ASSIGNMENT: The whole listing is to be given again without alteration, except that its pictures are dropped.

DATA EXTRACT:
· · · ·

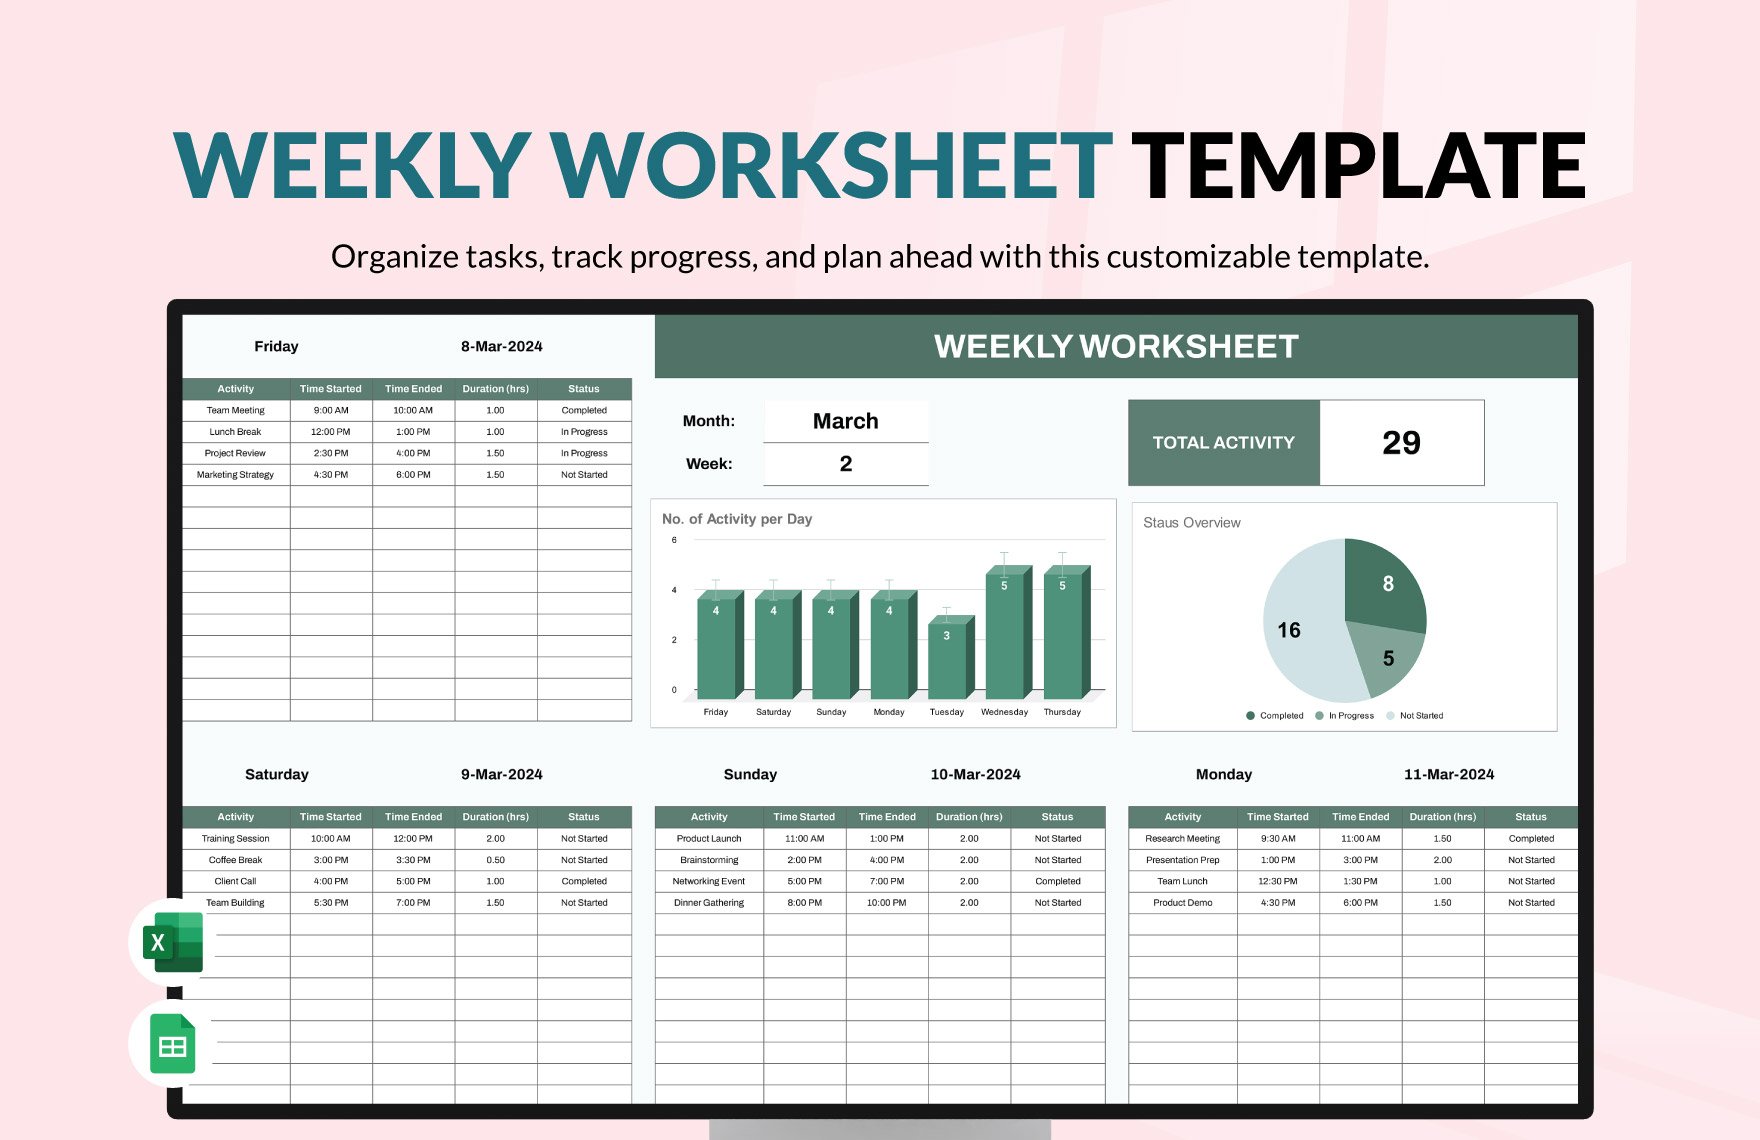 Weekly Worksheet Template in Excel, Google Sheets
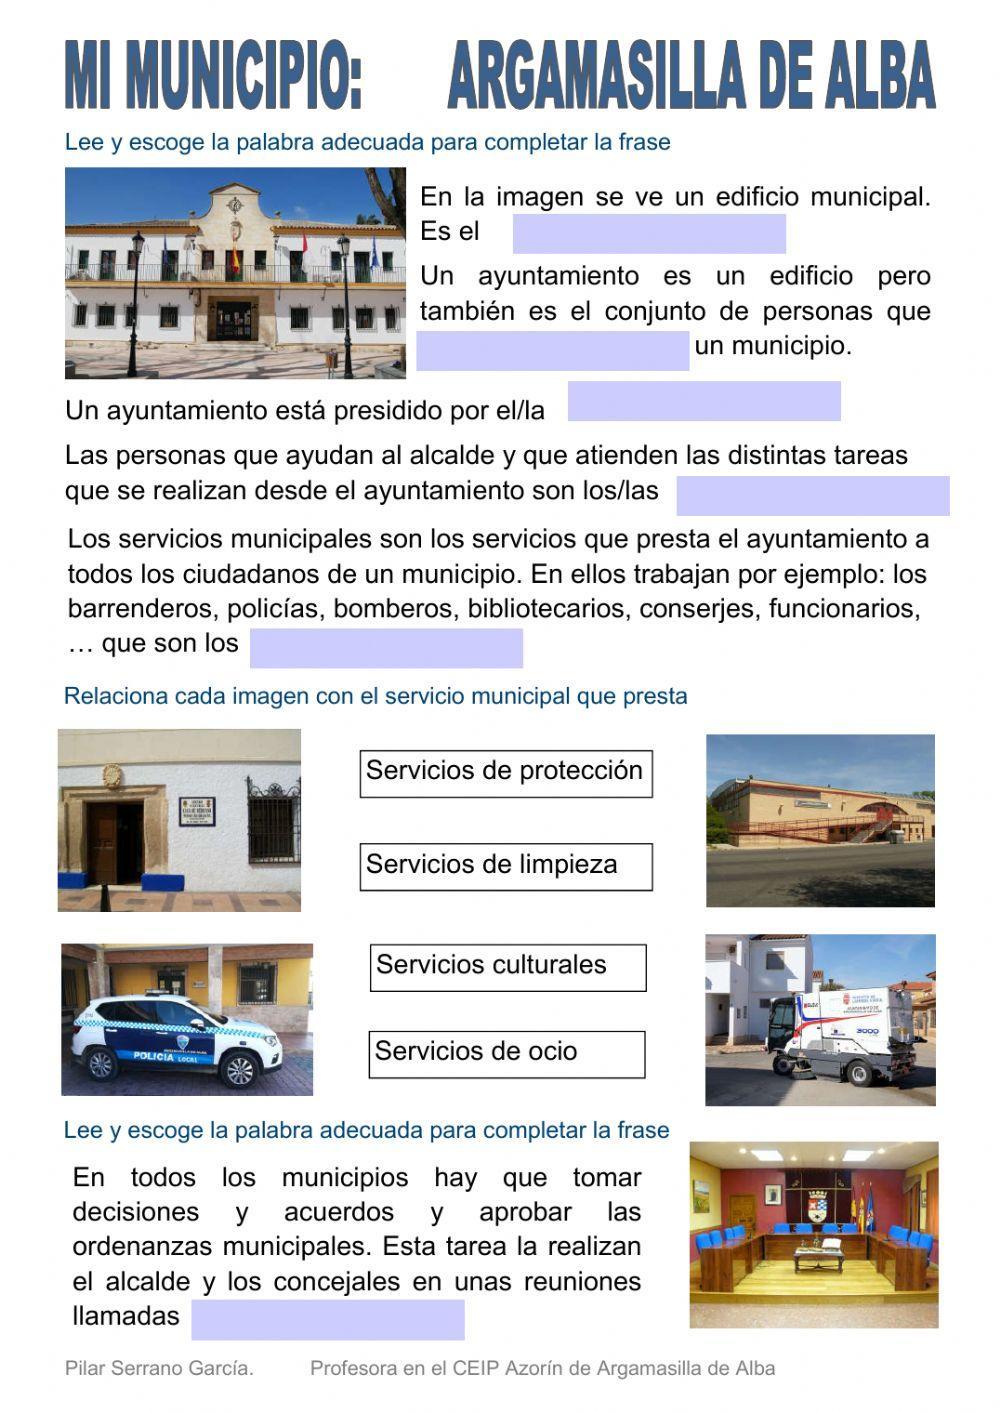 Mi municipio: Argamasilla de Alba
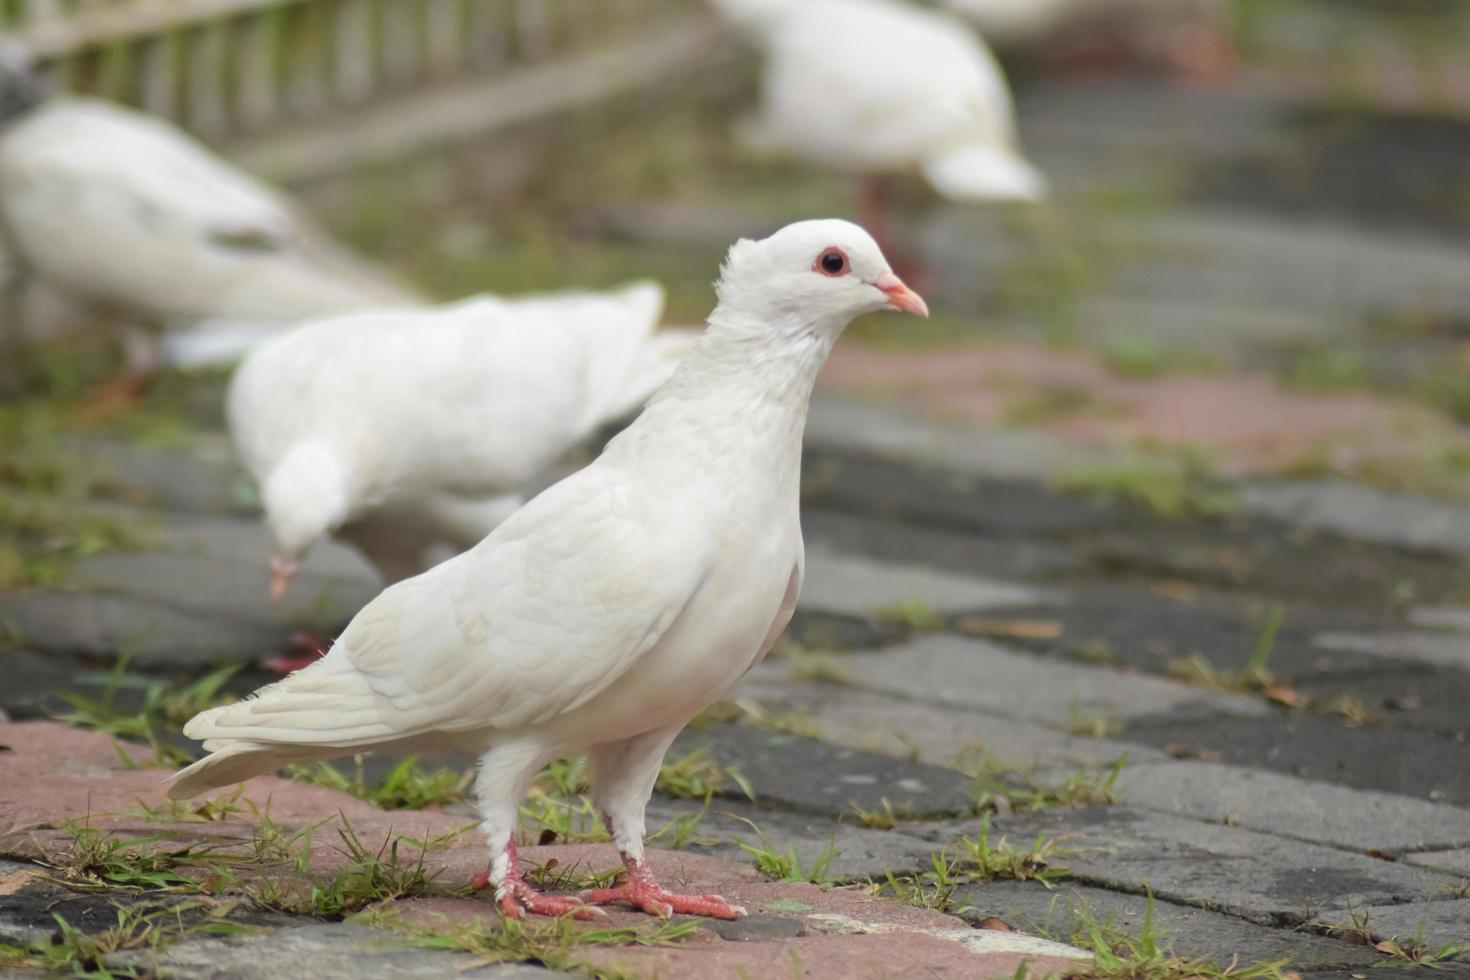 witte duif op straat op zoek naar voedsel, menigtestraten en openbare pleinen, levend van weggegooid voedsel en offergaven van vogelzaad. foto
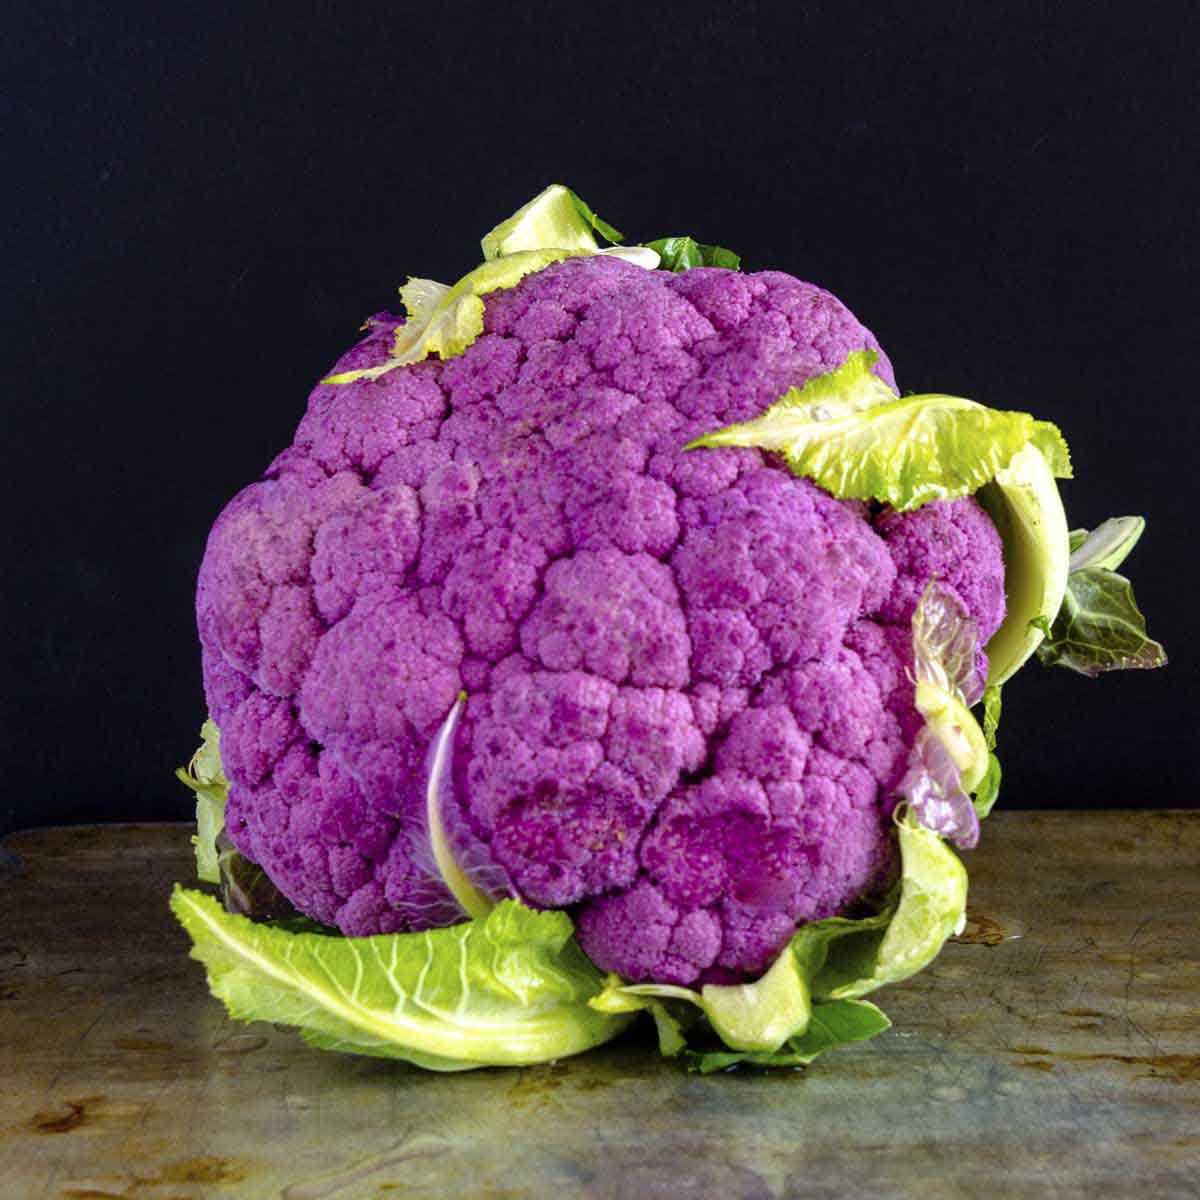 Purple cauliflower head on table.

· · · ·

ANSWER BOX:
 Weekly Worksheet Template in Excel, Google Sheets
 Mi municipio: Argamasilla de Alba
 witte duif op straat op zoek naar voedsel, menigtestraten en openbare pleinen, levend van weggegooid voedsel en offergaven van vogelzaad. foto
 Purple cauliflower head on table.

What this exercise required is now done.